### EXERCISE DESCRIPTION
Up to and including the line that contains "Villa la Rotonda", repeat each line of the data exactly, starting from the first.

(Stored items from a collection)
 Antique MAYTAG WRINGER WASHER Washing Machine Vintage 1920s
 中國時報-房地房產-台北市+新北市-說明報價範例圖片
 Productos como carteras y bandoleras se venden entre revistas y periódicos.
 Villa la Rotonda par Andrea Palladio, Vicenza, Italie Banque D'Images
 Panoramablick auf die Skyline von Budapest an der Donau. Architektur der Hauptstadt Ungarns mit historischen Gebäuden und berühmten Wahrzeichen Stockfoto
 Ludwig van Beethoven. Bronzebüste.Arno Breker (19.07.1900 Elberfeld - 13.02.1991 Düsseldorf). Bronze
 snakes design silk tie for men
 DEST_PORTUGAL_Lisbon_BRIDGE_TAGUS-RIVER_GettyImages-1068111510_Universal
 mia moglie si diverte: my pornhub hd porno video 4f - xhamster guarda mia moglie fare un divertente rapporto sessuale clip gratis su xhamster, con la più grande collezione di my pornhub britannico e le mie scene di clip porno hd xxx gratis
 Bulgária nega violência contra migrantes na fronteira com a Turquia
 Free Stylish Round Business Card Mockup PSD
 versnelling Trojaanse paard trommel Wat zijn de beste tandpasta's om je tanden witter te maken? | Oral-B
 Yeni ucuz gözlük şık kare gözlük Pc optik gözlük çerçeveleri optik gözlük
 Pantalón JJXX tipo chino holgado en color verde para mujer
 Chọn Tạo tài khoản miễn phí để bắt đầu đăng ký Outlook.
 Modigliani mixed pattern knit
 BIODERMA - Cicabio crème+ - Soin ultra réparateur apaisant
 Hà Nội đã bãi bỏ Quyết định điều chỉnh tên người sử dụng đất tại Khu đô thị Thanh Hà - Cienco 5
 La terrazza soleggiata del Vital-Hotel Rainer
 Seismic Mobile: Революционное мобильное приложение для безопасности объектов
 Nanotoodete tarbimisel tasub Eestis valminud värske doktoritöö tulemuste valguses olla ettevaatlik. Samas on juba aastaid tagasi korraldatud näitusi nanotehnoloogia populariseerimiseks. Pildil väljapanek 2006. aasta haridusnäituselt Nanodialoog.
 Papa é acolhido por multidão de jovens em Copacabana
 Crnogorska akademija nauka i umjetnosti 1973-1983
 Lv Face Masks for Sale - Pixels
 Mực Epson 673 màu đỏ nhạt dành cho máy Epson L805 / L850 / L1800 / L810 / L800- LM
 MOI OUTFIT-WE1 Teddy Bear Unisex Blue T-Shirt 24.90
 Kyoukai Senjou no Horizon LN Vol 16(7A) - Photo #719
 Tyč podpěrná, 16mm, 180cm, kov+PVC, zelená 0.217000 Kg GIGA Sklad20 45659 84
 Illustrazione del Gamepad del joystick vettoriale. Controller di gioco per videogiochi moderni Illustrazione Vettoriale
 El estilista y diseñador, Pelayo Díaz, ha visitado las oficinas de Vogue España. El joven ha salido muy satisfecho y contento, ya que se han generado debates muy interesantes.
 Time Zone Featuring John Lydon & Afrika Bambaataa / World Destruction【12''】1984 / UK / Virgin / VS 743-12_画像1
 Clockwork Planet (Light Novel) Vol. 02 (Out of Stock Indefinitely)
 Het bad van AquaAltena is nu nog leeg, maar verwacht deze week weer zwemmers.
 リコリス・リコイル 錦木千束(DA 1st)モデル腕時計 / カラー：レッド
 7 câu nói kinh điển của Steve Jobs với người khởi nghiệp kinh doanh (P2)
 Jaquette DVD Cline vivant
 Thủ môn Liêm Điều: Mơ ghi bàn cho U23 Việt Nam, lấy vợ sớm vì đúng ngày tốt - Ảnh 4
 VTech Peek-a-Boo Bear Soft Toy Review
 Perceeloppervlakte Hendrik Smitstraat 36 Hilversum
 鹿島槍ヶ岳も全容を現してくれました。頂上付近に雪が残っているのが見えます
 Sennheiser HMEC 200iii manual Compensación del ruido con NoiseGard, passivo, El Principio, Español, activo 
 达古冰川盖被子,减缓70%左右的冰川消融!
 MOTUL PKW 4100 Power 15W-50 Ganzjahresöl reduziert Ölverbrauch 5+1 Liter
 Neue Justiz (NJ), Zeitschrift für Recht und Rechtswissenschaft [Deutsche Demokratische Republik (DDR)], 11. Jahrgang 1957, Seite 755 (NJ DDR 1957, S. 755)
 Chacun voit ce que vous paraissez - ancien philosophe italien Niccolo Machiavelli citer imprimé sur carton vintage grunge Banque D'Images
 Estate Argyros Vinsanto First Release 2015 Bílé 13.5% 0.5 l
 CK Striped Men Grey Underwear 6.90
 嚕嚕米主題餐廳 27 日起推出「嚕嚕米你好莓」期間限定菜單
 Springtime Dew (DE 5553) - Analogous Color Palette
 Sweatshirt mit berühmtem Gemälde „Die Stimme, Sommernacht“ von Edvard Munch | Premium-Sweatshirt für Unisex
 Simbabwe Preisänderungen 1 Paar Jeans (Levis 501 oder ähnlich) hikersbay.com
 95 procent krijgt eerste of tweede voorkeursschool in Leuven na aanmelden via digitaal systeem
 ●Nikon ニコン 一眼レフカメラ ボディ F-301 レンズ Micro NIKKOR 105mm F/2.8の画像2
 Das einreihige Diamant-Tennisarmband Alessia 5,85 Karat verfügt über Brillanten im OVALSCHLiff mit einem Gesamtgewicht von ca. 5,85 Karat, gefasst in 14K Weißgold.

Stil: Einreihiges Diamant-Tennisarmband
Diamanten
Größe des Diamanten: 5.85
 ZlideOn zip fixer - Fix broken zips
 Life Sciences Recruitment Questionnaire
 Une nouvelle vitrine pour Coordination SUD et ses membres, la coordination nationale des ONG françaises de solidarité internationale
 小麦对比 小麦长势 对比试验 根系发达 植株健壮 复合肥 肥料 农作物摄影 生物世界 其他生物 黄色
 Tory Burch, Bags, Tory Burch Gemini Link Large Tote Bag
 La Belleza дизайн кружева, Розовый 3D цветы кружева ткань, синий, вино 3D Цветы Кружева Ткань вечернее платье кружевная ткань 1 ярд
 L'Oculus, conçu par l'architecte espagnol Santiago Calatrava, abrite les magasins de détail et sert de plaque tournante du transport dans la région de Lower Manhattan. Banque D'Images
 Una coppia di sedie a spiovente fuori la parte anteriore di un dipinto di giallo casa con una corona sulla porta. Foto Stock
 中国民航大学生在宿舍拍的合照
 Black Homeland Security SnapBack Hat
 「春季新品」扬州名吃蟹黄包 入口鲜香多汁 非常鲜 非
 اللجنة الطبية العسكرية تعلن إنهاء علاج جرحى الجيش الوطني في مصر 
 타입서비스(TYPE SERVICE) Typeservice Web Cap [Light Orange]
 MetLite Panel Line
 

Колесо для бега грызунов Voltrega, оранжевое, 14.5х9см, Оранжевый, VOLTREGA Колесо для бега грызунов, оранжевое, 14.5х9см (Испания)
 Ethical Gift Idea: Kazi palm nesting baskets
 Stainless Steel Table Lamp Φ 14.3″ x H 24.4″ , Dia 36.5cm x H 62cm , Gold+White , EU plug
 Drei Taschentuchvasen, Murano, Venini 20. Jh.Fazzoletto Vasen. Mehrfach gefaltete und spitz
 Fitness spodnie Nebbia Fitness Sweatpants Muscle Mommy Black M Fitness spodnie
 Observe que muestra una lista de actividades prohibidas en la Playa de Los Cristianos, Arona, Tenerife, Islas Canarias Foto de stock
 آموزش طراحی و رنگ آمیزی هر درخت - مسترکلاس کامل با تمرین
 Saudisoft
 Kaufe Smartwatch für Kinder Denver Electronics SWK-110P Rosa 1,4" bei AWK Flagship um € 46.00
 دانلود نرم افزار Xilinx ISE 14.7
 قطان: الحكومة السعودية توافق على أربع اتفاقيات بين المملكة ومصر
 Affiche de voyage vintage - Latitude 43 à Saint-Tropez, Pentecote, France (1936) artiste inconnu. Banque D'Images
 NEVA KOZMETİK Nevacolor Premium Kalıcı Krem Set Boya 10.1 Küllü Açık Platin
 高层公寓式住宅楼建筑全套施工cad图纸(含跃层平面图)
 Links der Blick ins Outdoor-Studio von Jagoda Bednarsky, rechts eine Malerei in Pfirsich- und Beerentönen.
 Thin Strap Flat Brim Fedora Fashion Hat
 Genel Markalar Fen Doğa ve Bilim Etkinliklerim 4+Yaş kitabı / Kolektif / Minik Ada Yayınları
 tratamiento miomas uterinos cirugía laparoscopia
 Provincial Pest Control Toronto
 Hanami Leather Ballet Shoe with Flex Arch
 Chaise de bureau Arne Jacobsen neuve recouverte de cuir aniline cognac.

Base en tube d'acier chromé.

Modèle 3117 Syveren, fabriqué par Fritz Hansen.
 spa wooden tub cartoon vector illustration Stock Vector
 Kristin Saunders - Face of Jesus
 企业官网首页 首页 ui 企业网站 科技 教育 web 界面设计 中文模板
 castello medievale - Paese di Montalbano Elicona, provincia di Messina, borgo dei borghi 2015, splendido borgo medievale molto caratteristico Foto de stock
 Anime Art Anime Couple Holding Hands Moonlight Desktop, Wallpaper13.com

### RESPONSE TO THE TASK
 Antique MAYTAG WRINGER WASHER Washing Machine Vintage 1920s
 中國時報-房地房產-台北市+新北市-說明報價範例圖片
 Productos como carteras y bandoleras se venden entre revistas y periódicos.
 Villa la Rotonda par Andrea Palladio, Vicenza, Italie Banque D'Images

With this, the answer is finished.